Keskin, zincir marketlerin besinin yanında kırtasiye, züccaciye, elektronik eşya, beyaz eşya ve gibisi eserler de sattığını belirterek, “Dolayısıyla onlara bir ayrıcalık tanınıyor. Bu durum bakkallarda yok. Lakin biz ne olursa olsun vatandaşın yanında olmaya devam ediyoruz. Vatandaşa elimizden geldiğince yardım etmeye çaba ediyoruz. Hasebiyle bu da bakkala olan ilgiyi yükseltiyor” tabirlerini kullandı.
Türkiye’de ve İstanbul’da bakkal sayılarına ait son sayıları paylaşan Keskin, “İstanbul’da bizim yaptığımız hesaplamalara nazaran 2025 yılı prestijiyle yaklaşık 22 bin, Türkiye genelinde ise 176 bin bakkal var. Geçmişte ayrıyeten pandemi periyodunda ise bakkal sayısında yüzde 20 artış olmuştu. O vakit bakkallara çok muhtaçlık oldu. Zira bakkallarımız o devir de vatandaşı yönetim eden, koruyan, kollayan, dayanak olan esnaftan oldular. Ondan ötürü o vakitlerde sayımız İstanbul’da da Anadolu’da da bir epey artmıştı. Pandeminin akabinde ise olağan sayılarımıza geri dönmeye başladı” biçiminde konuştu.

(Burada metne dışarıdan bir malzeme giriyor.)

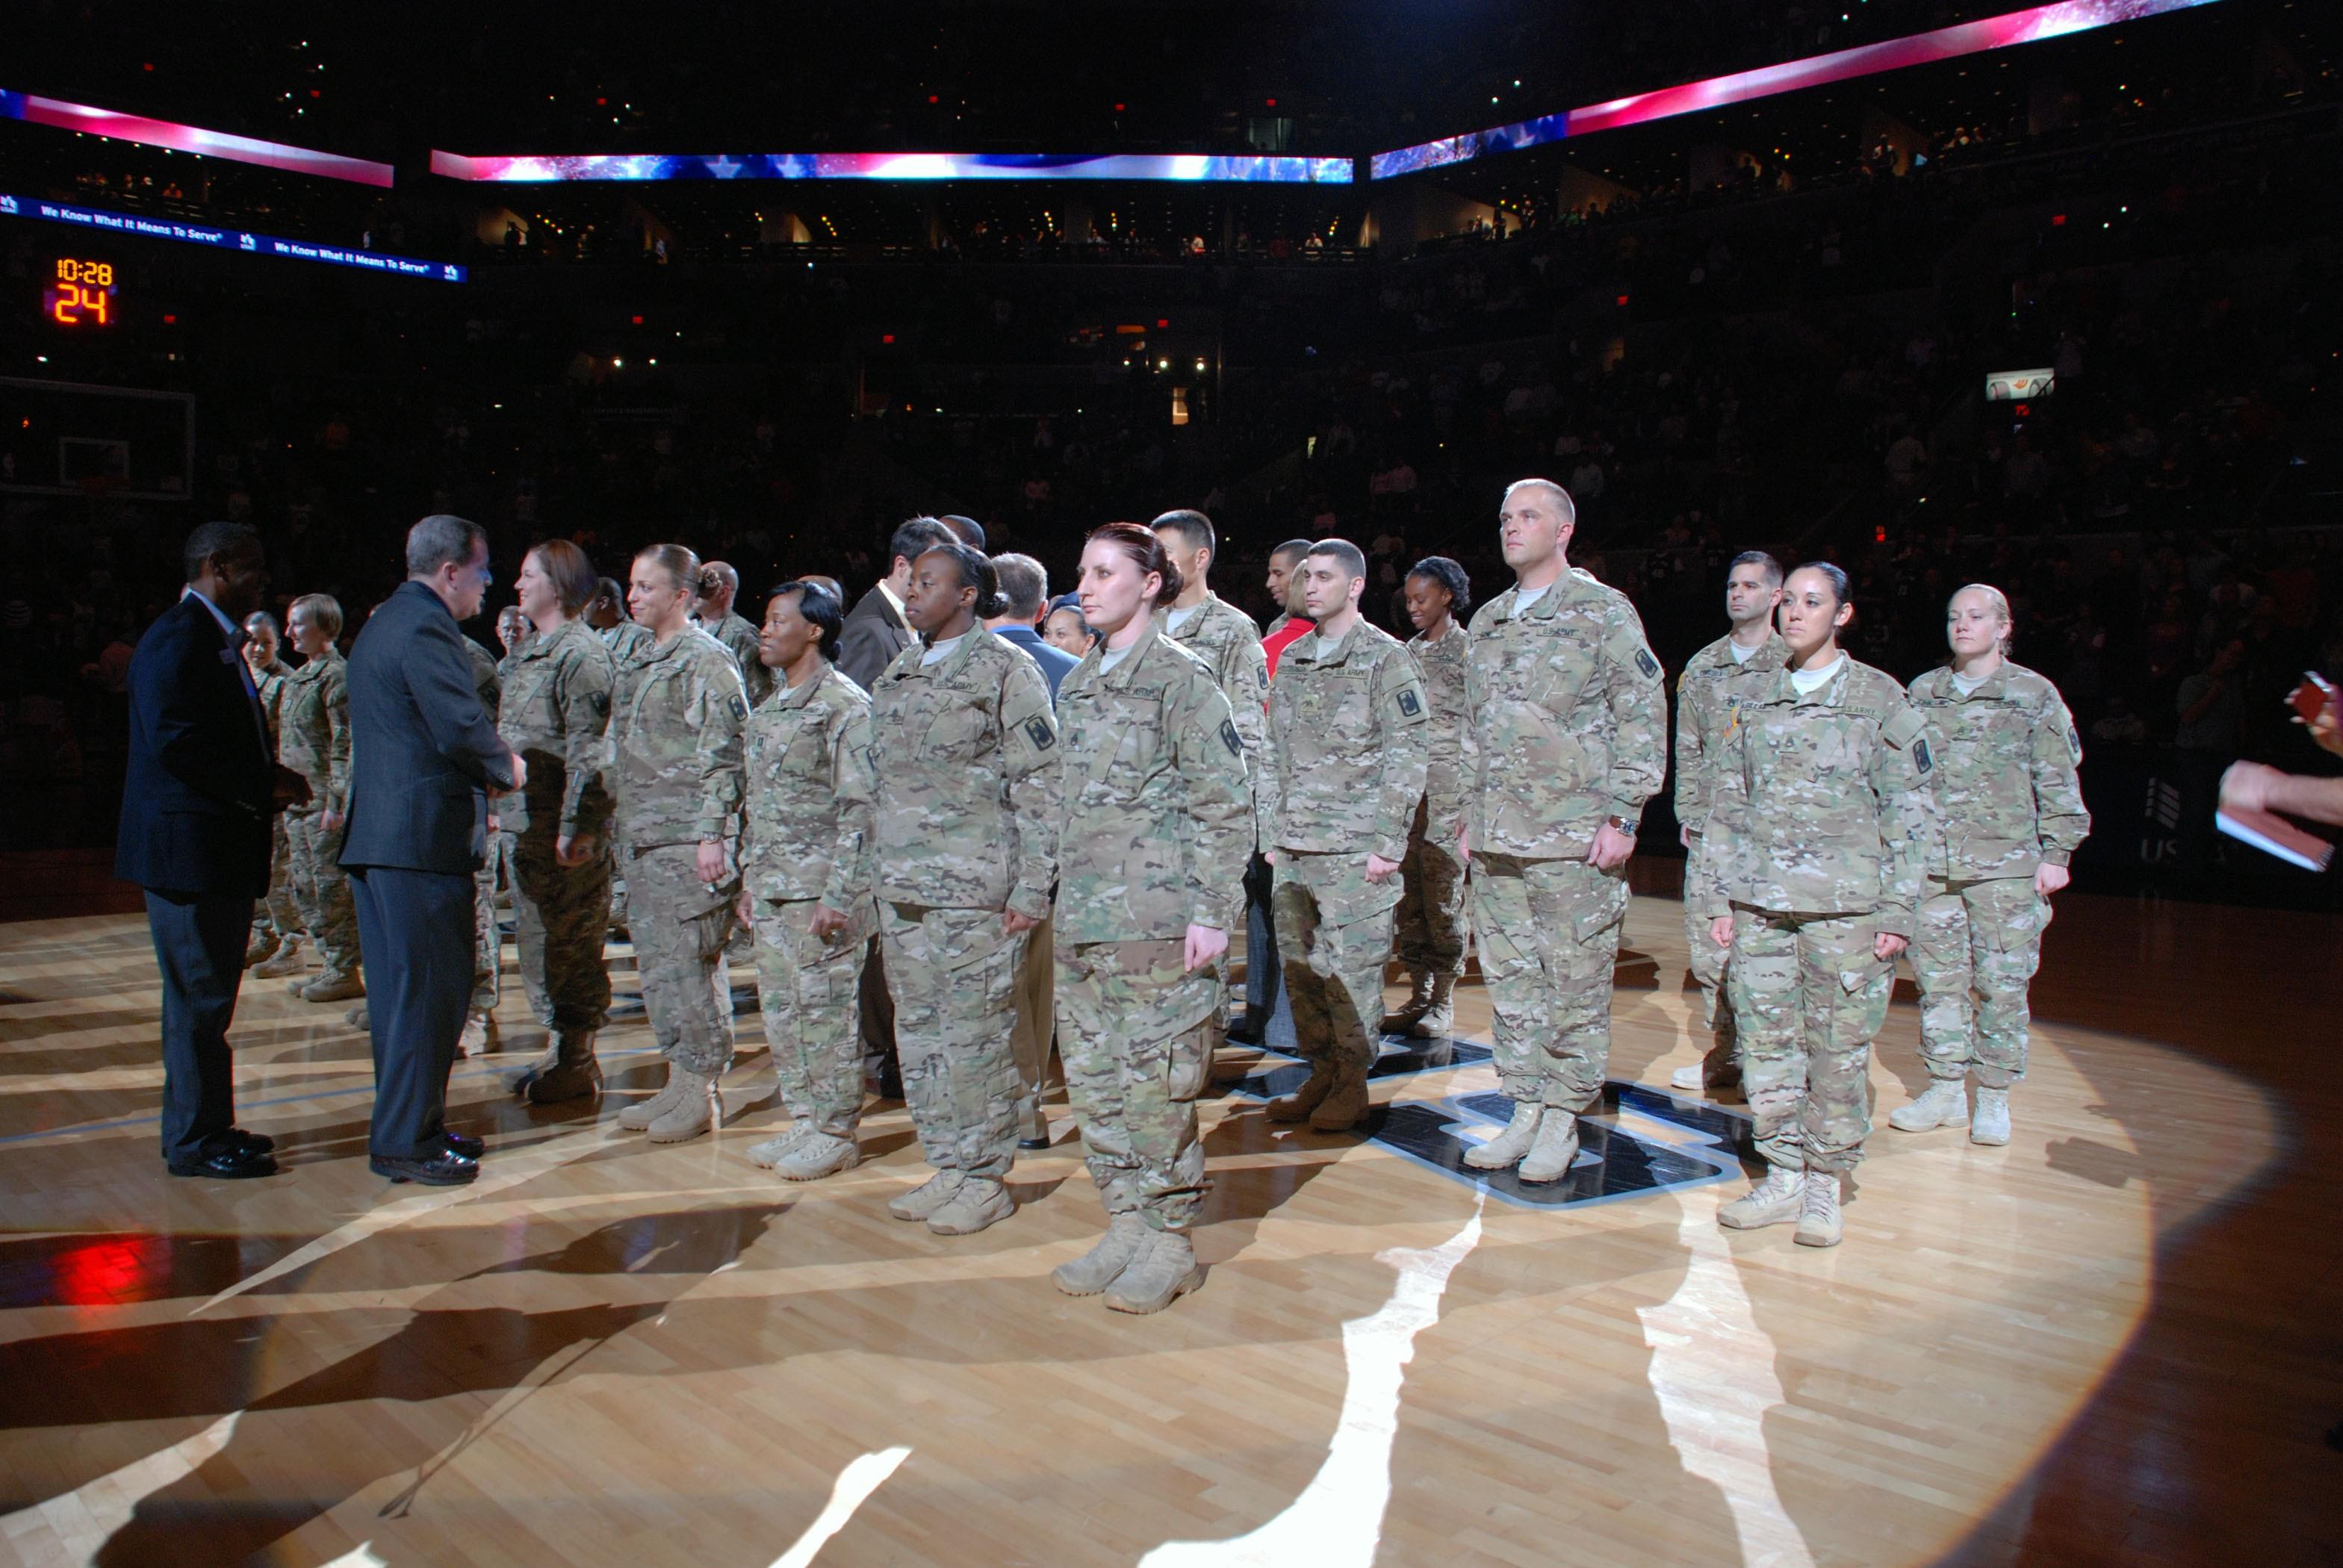 online store 93464 de4d3 Spurs share spotlight with two 470th MI Brigade battalions ...
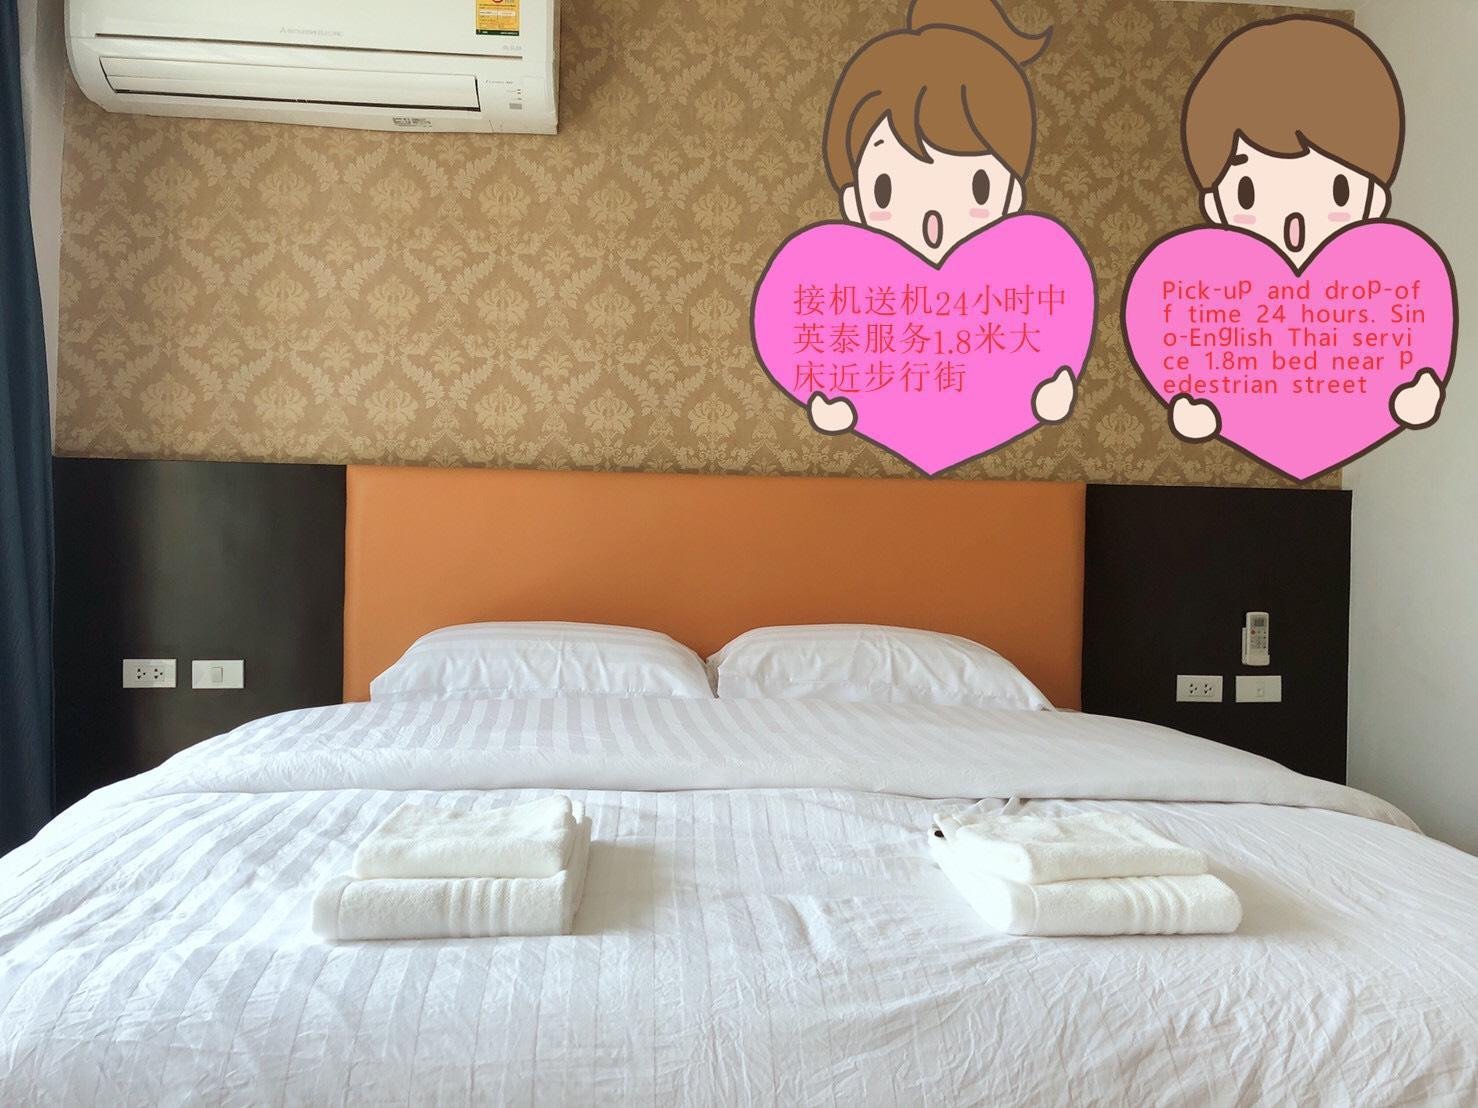 [HW] 1.8m large bed room 36m2 large room 5 อพาร์ตเมนต์ 1 ห้องนอน 1 ห้องน้ำส่วนตัว ขนาด 36 ตร.ม. – พัทยากลาง

‘Bakkallar vatandaşın kileri’
İsmail Keskin, bakkalların her vakit alanda ve vatandaşın yanında olmaya devam edeceğini ama zincir marketlerin alanda gelişi hoş bir formda olmaları, rastgele bir halde açılmaları ya da sayılarının sermayeye dayalı olarak çok fazla olmasının küçük esnafı kasvete soktuğunu söyledi. Keskin, “Bundan ötürü yönetimin, bu işi sermayeye bırakmaması lazım diye düşünüyorum. Bakkallar bugün her yerde var. Mahallelerde var. Sokak ortalarında var. Elimizin altında, yürüme aralığında. Bakkallar vatandaşın kileri” dedi.
Keskin, zincir marketlerin sokak ortalarında olmasının da vatandaşı büyük külfete soktuğunu söz ederek kelamlarını şöyle sürdürdü:
“Diyelim ki sokağın bir adedinde zincir market var. Mal geliyor. Kamyondan mal yükleniyor mağazaya. Lakin orada kamyonu çekiyorlar sokağın içerisine, diyorlar ki bilhassa araç kullanıcılarına ‘bu sokağa giremezsin, ben mal boşaltıyorum’ Fakat bu türlü bir hakları yok ki saatlerce sokağı kapamak üzere. Orada bir yangın çıkar, itfaiye bölgeye giremez. Acil hasta olur, ambulans meskene ulaşamaz. Hasebiyle bunların sokak ortalarında sistem açısından muhakkak olmamaları lazım.”
Gençlerden bakkal olmaya istekli olanlar bulunduğunu bildiren Keskin, pandemi sürecinde birçok yeni ve genç bakkal arkadaşlarının olduğunu tabir ederek gençlerin esnaflığı severek ve isteyerek yaptığını söyledi.
Keskin, market kültürüne geçmişte olduğu üzere bugün de direnmeye devam edeceklerini ve vatandaşın yanında olmayı sürdüreceklerini vurgulayarak, “Zincir marketlerle birebir koşullarda yarışmak istiyoruz. Yöneticilerimize sık sık lisana getiriyoruz. Ne olur bunlara ölçüsüz halde özgür bir saha bırakmayın. Marketler maddesine bir tertip getirilsin. Kurallar koyulsun. Biz hem vatandaşı hem de piyasayı yeniden eskisi üzere sırtlarız, götürürüz, hiçbir sorun de yaşanmaz” diye konuştu.